### What is required
Down to the last line, print the data that follows exactly, without its pictures.

### Data provided
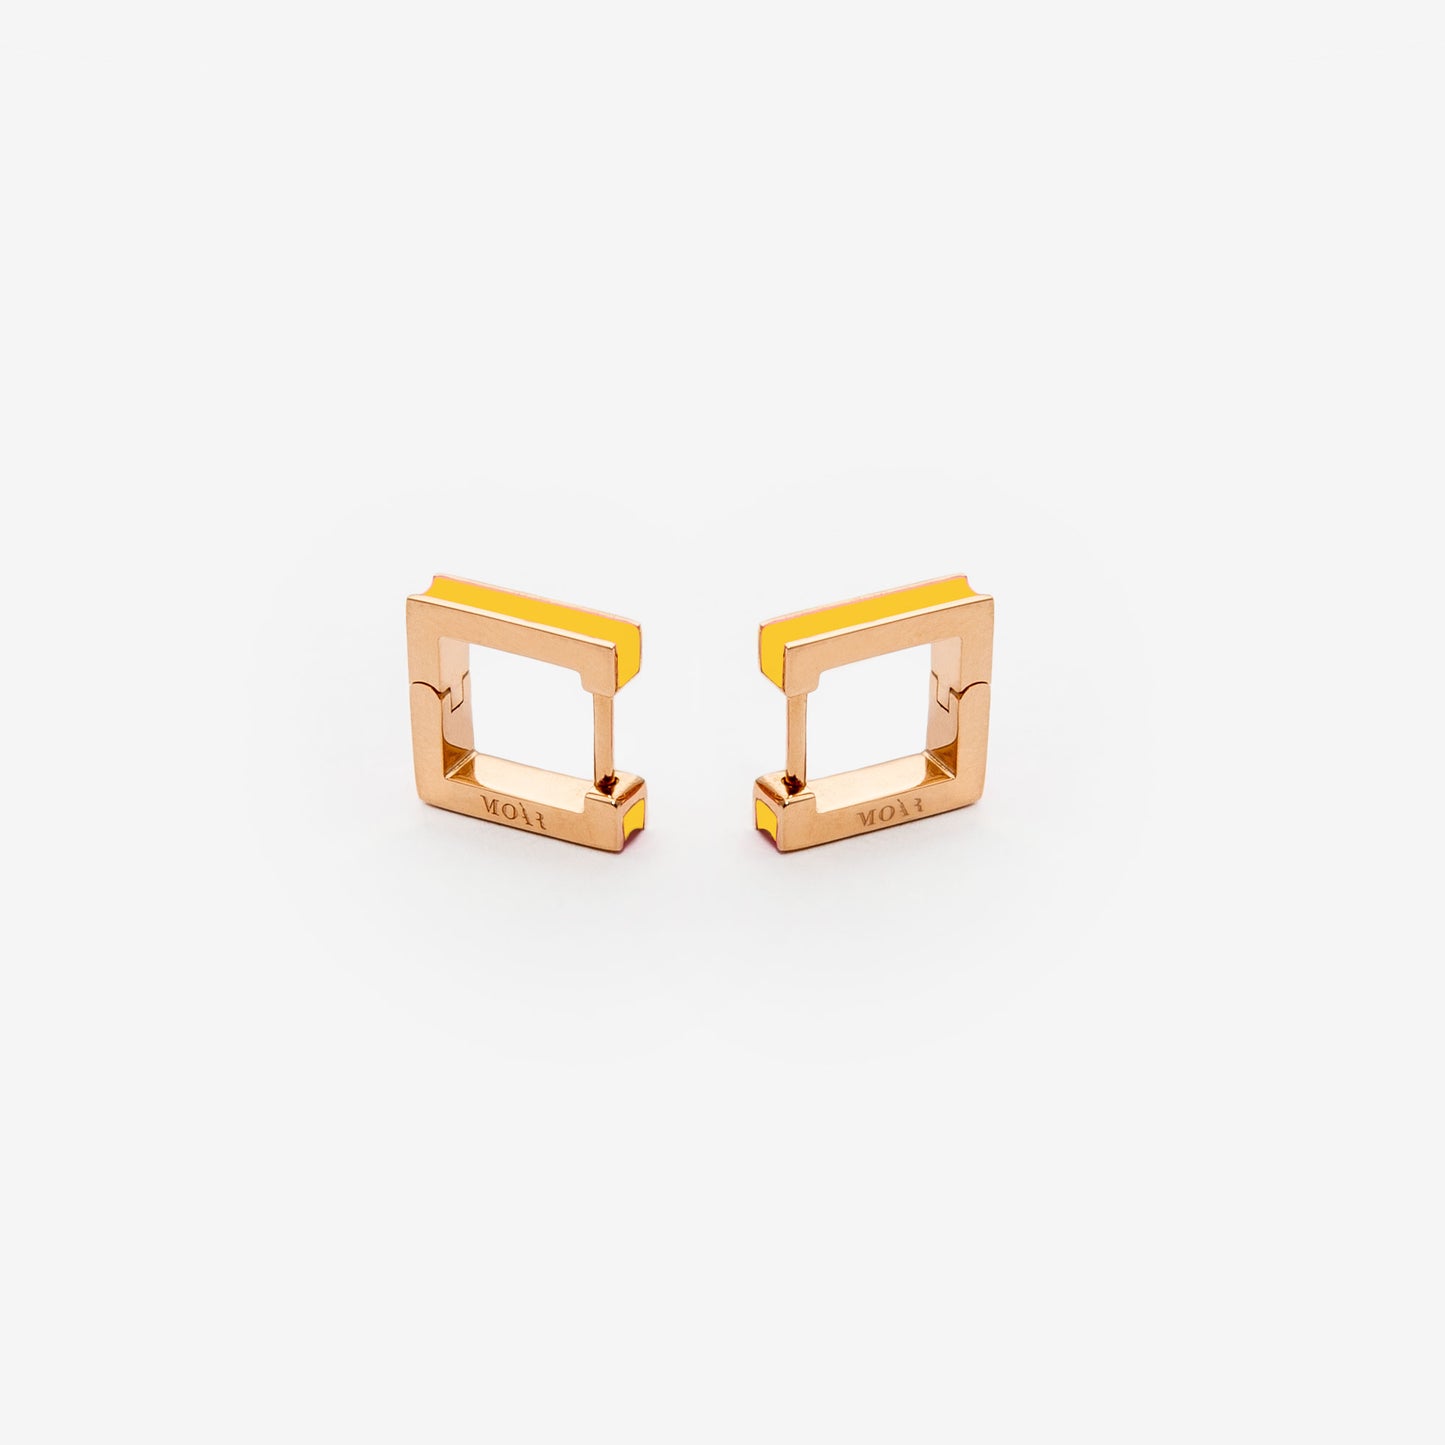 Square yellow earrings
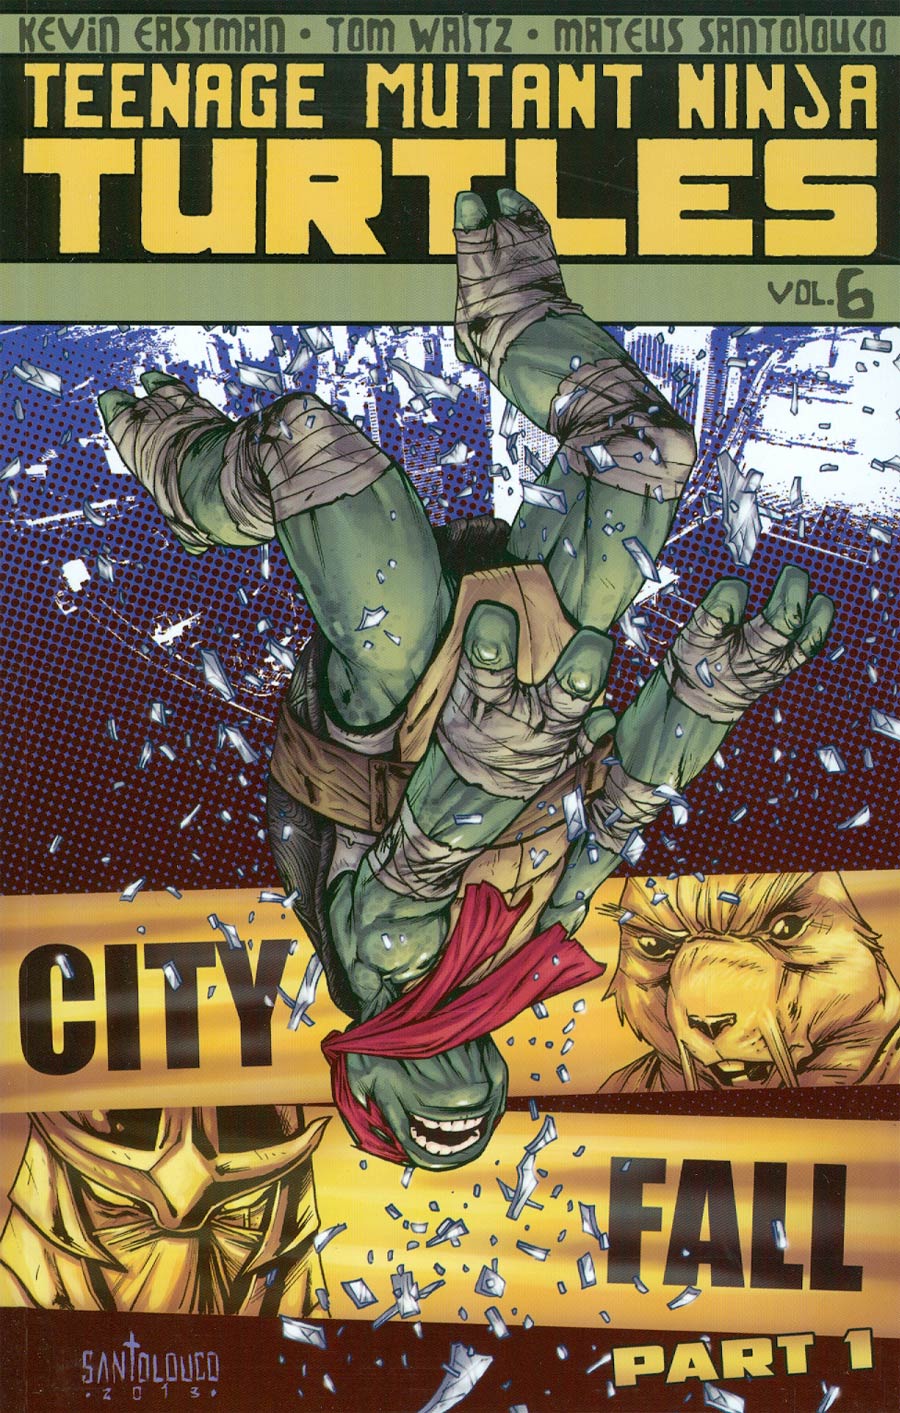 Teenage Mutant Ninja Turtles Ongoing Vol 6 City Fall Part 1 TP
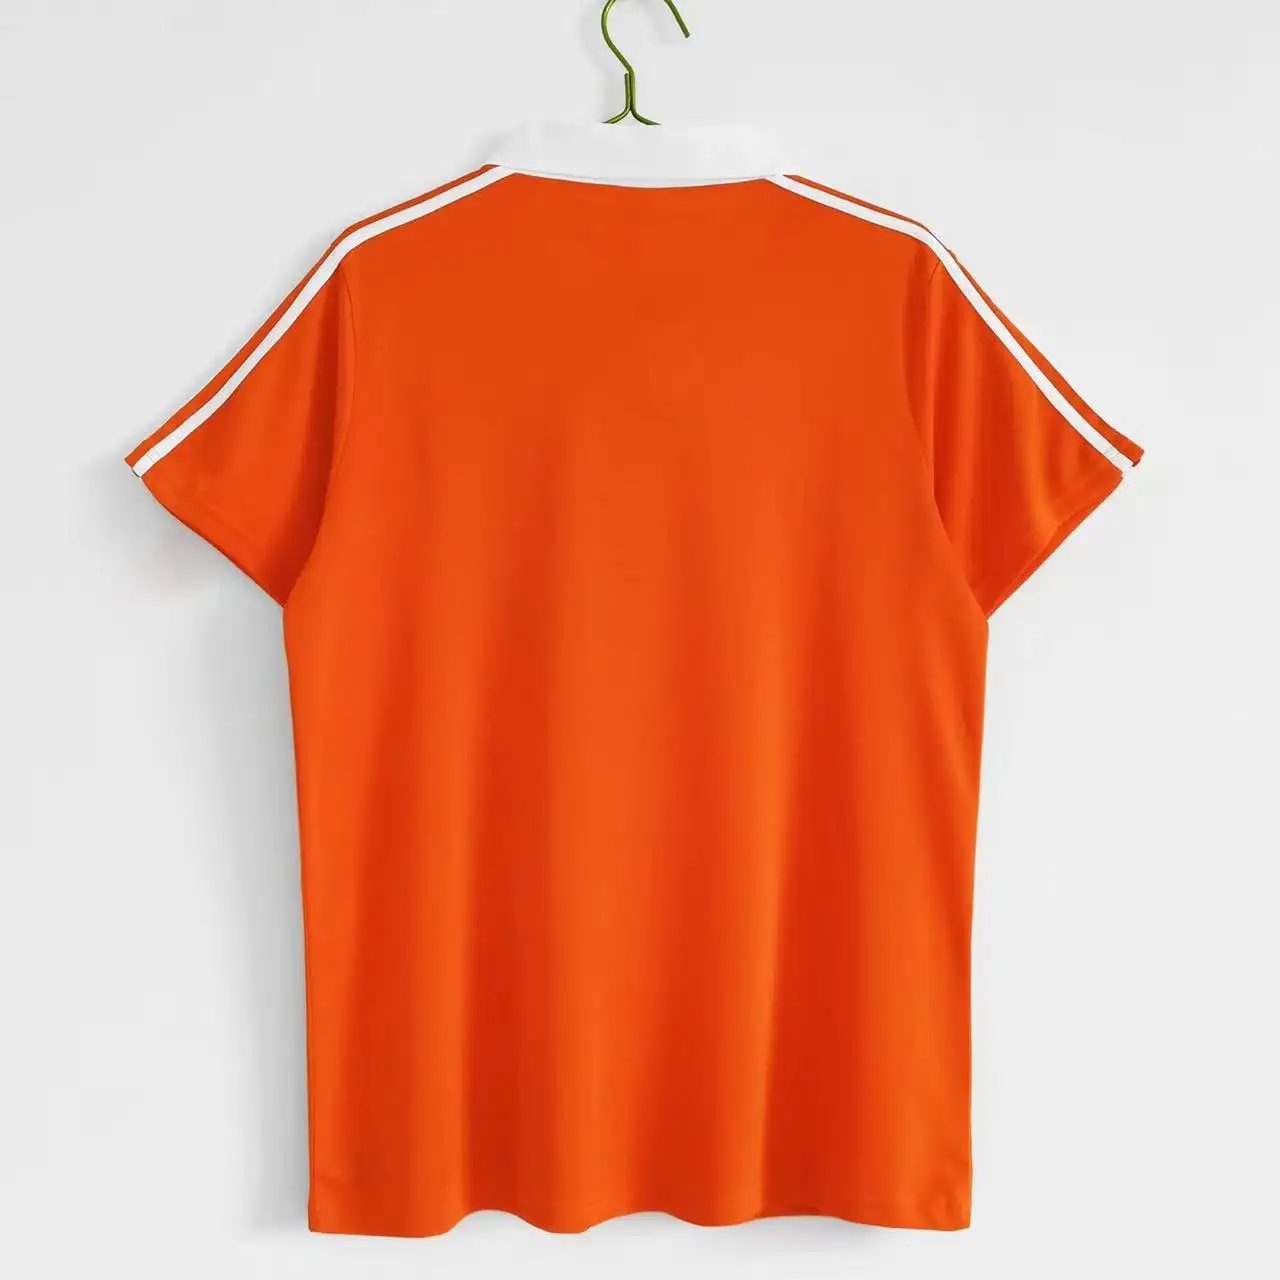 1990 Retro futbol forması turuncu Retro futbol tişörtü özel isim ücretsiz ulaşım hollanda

### Finished exercise
 Square yellow earrings
 Teenage Mutant Ninja Turtles Ongoing Vol 6 City Fall Part 1 TP
 1990 Retro futbol forması turuncu Retro futbol tişörtü özel isim ücretsiz ulaşım hollanda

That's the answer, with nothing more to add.